EAST TAMPA -
Nine children with aprons tied to their waists gathered around a table and a pair of burners to learn how to make chicken fried rice and pink salmon salad. An hour later a smaller group would receive instructions on how to turn clothing scraps into pencil bags.
All around them were more children, and a few adults, with eyes focused on computers or minds engaged in a game of dominoes. Later that night the East Tampa Action Group, a fledgling band of neighborhood activists, met to discuss the one-year anniversary of the Hope Learning Center.
An anniversary party on Jan. 26 will celebrate the center's accomplishments and the transformation of what was once a city-owned vacant lot known more for vagrancy and drug deals than neighborhood fellowship.
On a recent afternoon and evening dozens of children and residents filled the 1,500-square-foot building at the corner of East Lake Avenue and 29th Street for cooking, sewing, learning, games and friendship.
"Some days they make this place look small," said Daniel Dean, pastor of Bible Truth Ministries. The ministries operate a charter school and community center on 22nd Street across from Middleton High School, and two years ago bought the city lot at Lake and 29th. Dean, who is a contractor, built the learning center.

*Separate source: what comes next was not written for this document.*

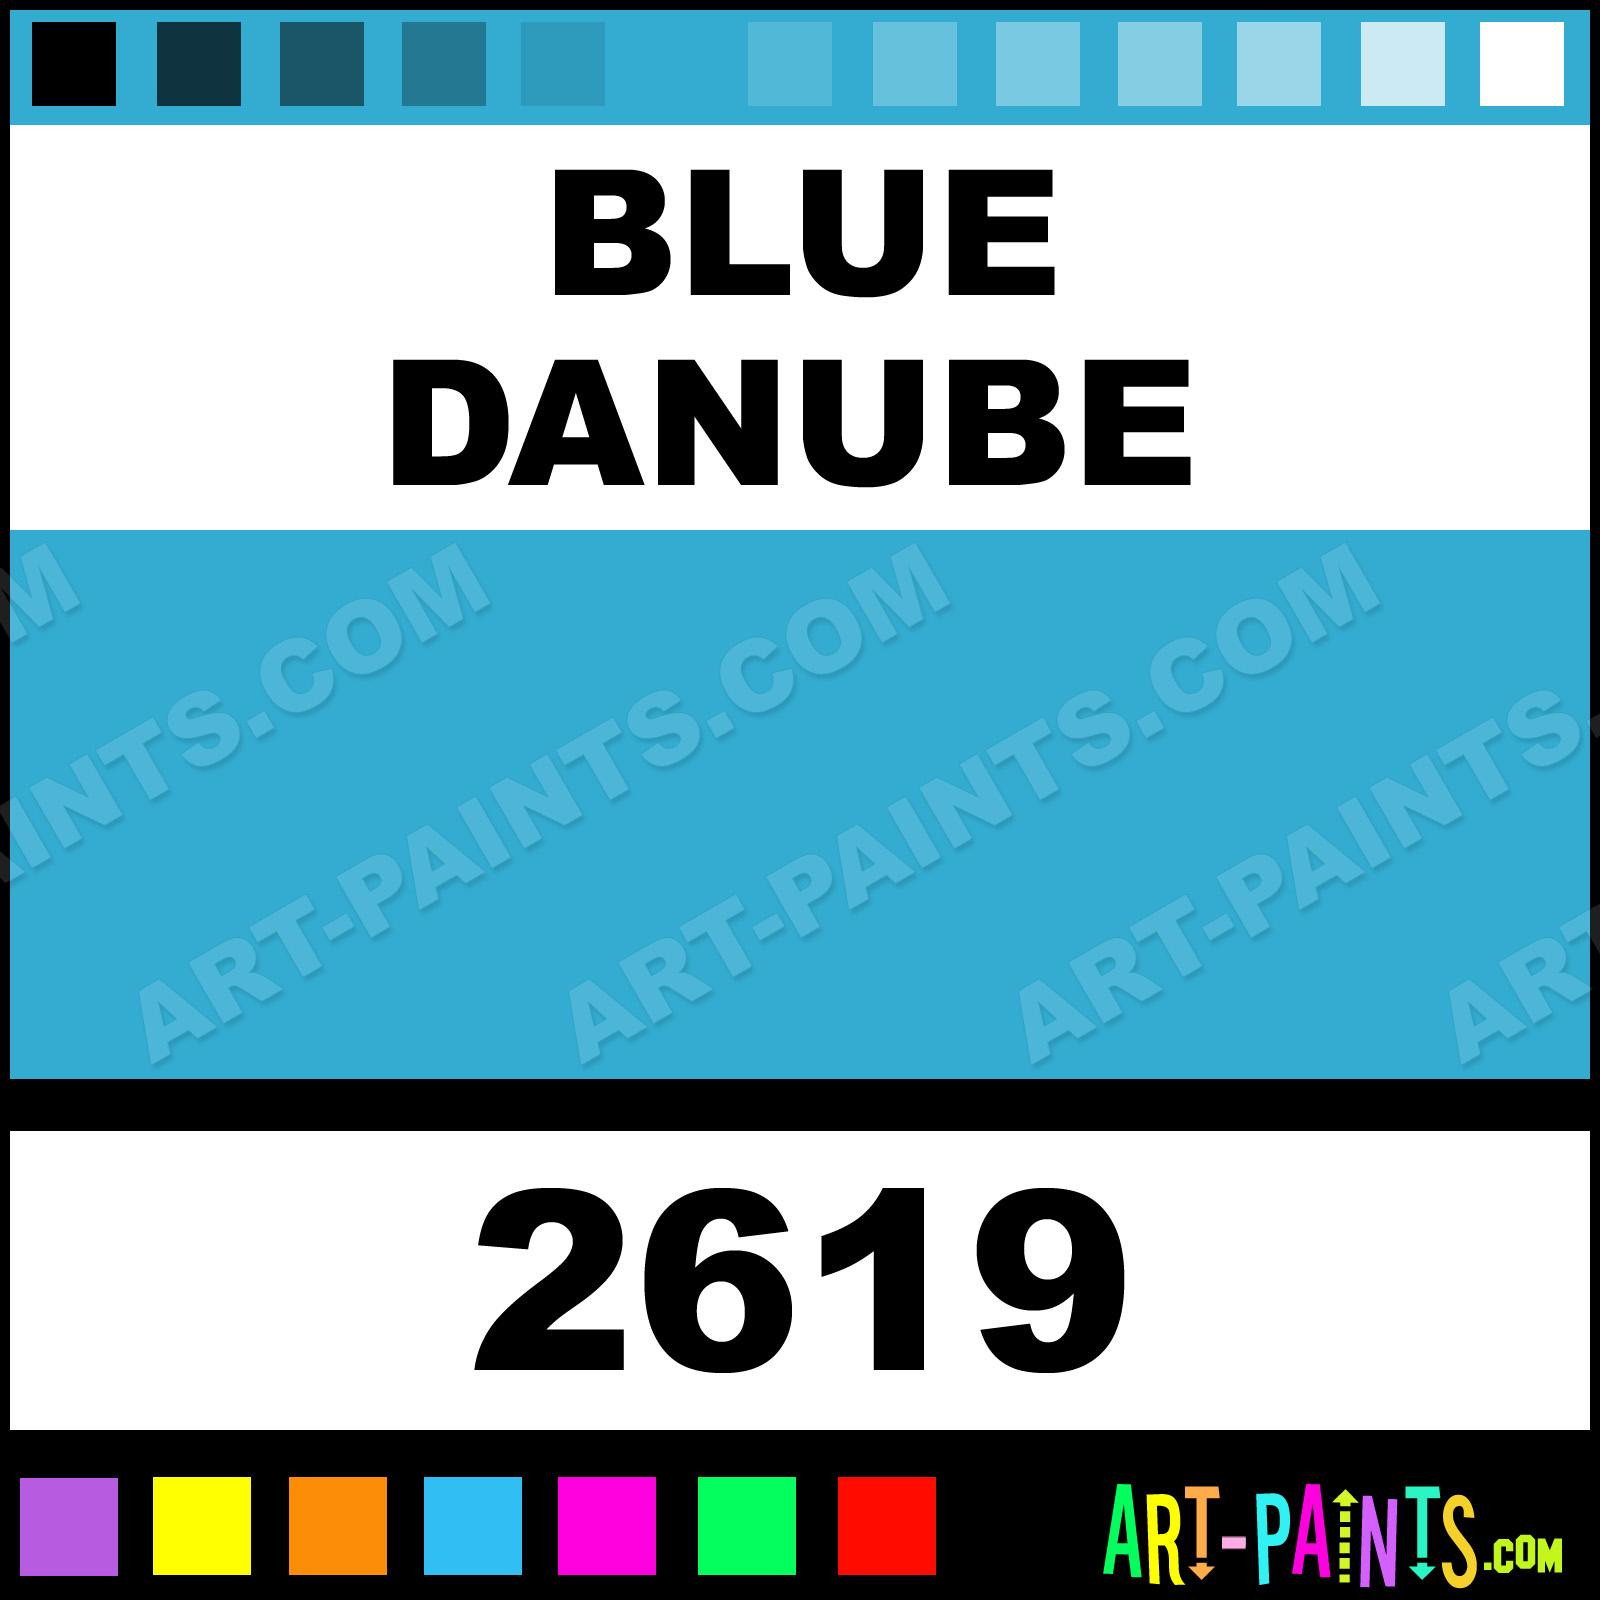 blue danube h2o latex spray paints 2619 blue danube. Black Bedroom Furniture Sets. Home Design Ideas

"I love what they're doing with the children," said Herberthia Williams who played dominoes. Williams' 6-year-old granddaughter, Carmen Fisher, is a regular.
The center was needed, Williams said, "when my children were children."
Dean lays down the rules and nothing escapes his eye. "Hey, over there, put that away," he told a young girl answering her cell phone as she sat at a computer. She quickly put the phone away because the punishment was being told to leave.
It is strictly no food, drink, or cell phone use when operating a computer. And to get to that computer there are more rules: read a book chosen from the center's library for 30 minutes and first log on to a teaching program.
Only then is free time allowed to choose a game or other activity.
Computer use sometimes has to be in shifts because so many people come to the center, Dean said.
Every day of the week there are activities, including a Wednesday "games of adventures" where children step away from computers to play "old-school" board games such as Sorry, Candyland or Twister.
Wednesday also is when barber Joshua Chandler gives free haircuts. Children get first priority. Some days up to 30 children show up.
There also are days for bingo, checkers and chess, sewing and cooking classes, Bible study and tutoring. On Saturday volunteer and master pool checkers champion Arthur "Moochie" McCarr will hold a checkers tournament.
Monday through Thursday there are GED classes. Out-of-work residents use the center's computers to build resumes and search for jobs. On the last Friday of each month the center is packed for a poetry jam.
And on Sunday Dean holds Sunday school.
"I think a lot of kids come because of the love and caring," said Xiomara Perez, known as "Miss Cee Cee". "It's much better they don't have to be caught up outside. They can be here in all these activities."
Perez attends the GED classes and hopes eventually to enroll at Hillsborough Community College.
The classes, which began in July, average about 18 students each session. Soon the learning center will be added to the Hillsborough County School District's list of GED satellite locations for the adult and community education division.
The district will help with materials and student assessments.
District resource teacher Susan MacGill recently completed assessments of the learning center's students. It helps them to set goals, she said.
"The cool thing about this is people in the community are coming here," MacGill said. "It's flourishing. It's helping the community."
From GED classes to the neighborhood action group, Dean said the emphasis is on self-reliance and finding solutions to problems from within the community.
Some of the older children, like 13-year-old Kameron Donalson, help younger children with game activities or tutoring.
"Most of these children were out getting into trouble, doing things they didn't have to be doing," said Donalson.
The cooking classes teach nutrition but also simple math which is needed to measure ingredients, said Suzette Dean, the pastor's wife as well as cooking and sewing instructor.
Perez is among the volunteers who help with the center's activities.
"I'm a good buffet chef," said Perez's 6-year-old son Izaeah as he stirred the pot of chicken.
Raekwon Walker, 12, is a fan of the television show Iron Chef on the Food Network and enjoys Dean's cooking classes.
"It makes me feel more manly," Walker said about cooking. "I like to do it."
Even the sewing class where students learned to take scrap cloth and make wrap-around skirts is empowering, Daniel Dean said. "We show them how to make something from nothing," he said.
IF YOU GO:
WHAT: One-year anniversary celebration
WHERE: Hope Learning Center, 2902 E. Lake Ave.